To "save" his penis, it was implanted to his forearm, and the arterial supply was joined to his radial artery and vein (the one you feel pulsing at the wrist) and the nerve. After several weeks of healing and debriding his groin wounds, the penis was removed from his forearm and re-implanted in its normal position.

After several more weeks he was able to urinate normally and achieve an erection. Unfortunately, peripheral nerves are notoriously slow to regenerate and don't always function like new, so he was unable to achieve orgasm. But ... hey he slipped right by the Darwin's list of fuck ups.

And remember John and Lorena Bobbit ?

Yup, it's definitely fair to regard him as a dufus. Having your crotch under a spinning lawn mower blade is about as dumb as you can get. Hell, he doesn't even deserve to have a penis after showing so little regard for it.

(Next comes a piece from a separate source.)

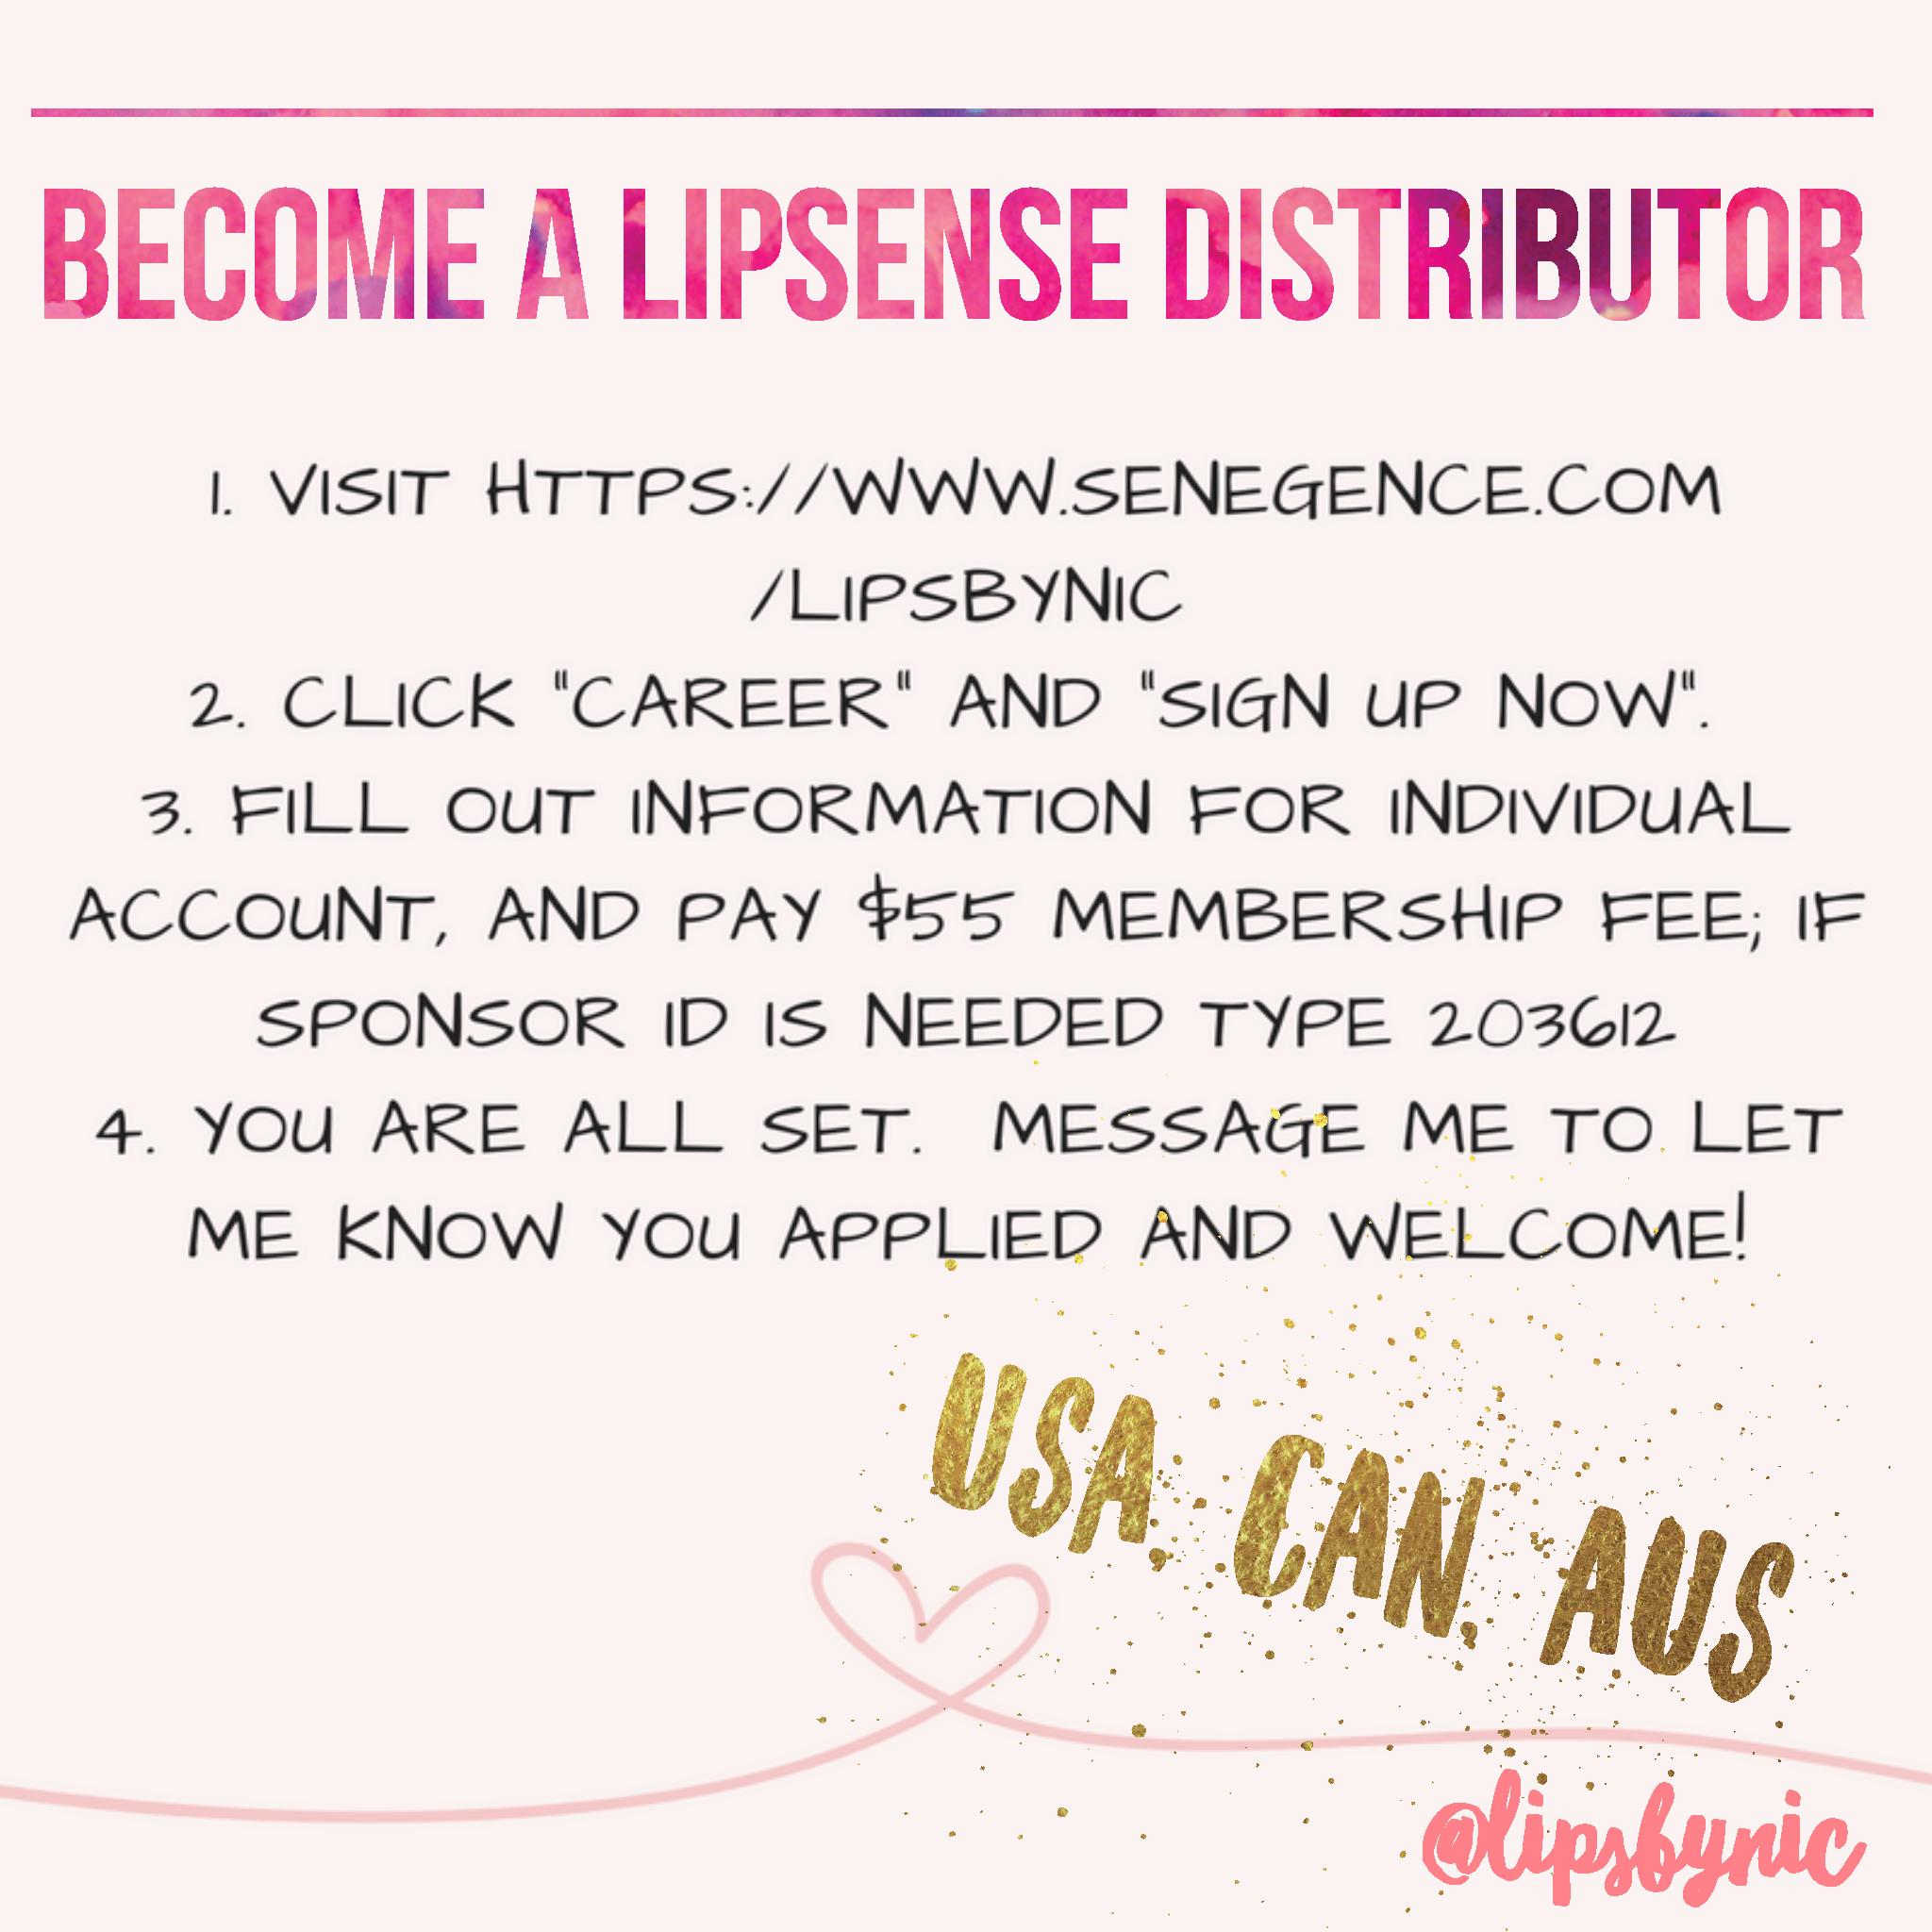 become-a-lipsense-distributor

The temporary attachment of his penis to his forearm is nothing short of amazing. But it's a good thing he didn't accidentally brush his arm against some conniving woman, because with his luck he would have been framed for attempted rape so she could sue him.

I guess he preferred "cut" over "uncut"...

Or maybe his original penis that was cut off in the accident was uncut, and the donor's penis was cut. So when he realized the used penis was missing its sheath, it pissed him off so much he decided to just get the whole thing cut off. Kind of like, "Cutting your nose off to spite your face."

I think a medical department full of quacks decided to do some top-rate attention whoring by putting out fake news releases.

We did this great penis thing, and it worked great, and he got hard right away. Proof? OH...Proof....see the thing is we had to cut it off. Yeah, wife didn't like it. Here, come see how we can sew a dog's head onto a goat! We call it a "doat!"

Here's another article I just found on the story, and the details provided are very convincing that the transplant occurred. As well, MSNBC has fact checkers to verify the validity of stories before they publish them: http://www.msnbc.msn.com/id/14905485/ns/health-mens_health/
 
I've frequently wondered if one could transplant a penis... I was particularly thinking of this in relation to gender reassignment surgeries, wouldn't it be convenient if you could just switch out parts rather than try to construct a part out of the person's existing pieces.

As to whether I'd rather have someone else's penis or no penis at all, I think I'd be inclined to keep it. But then, I'd also be inclined to shop around: "Hey, Doc, this dick is great, but could you keep me in mind if you get something bigger in stock?"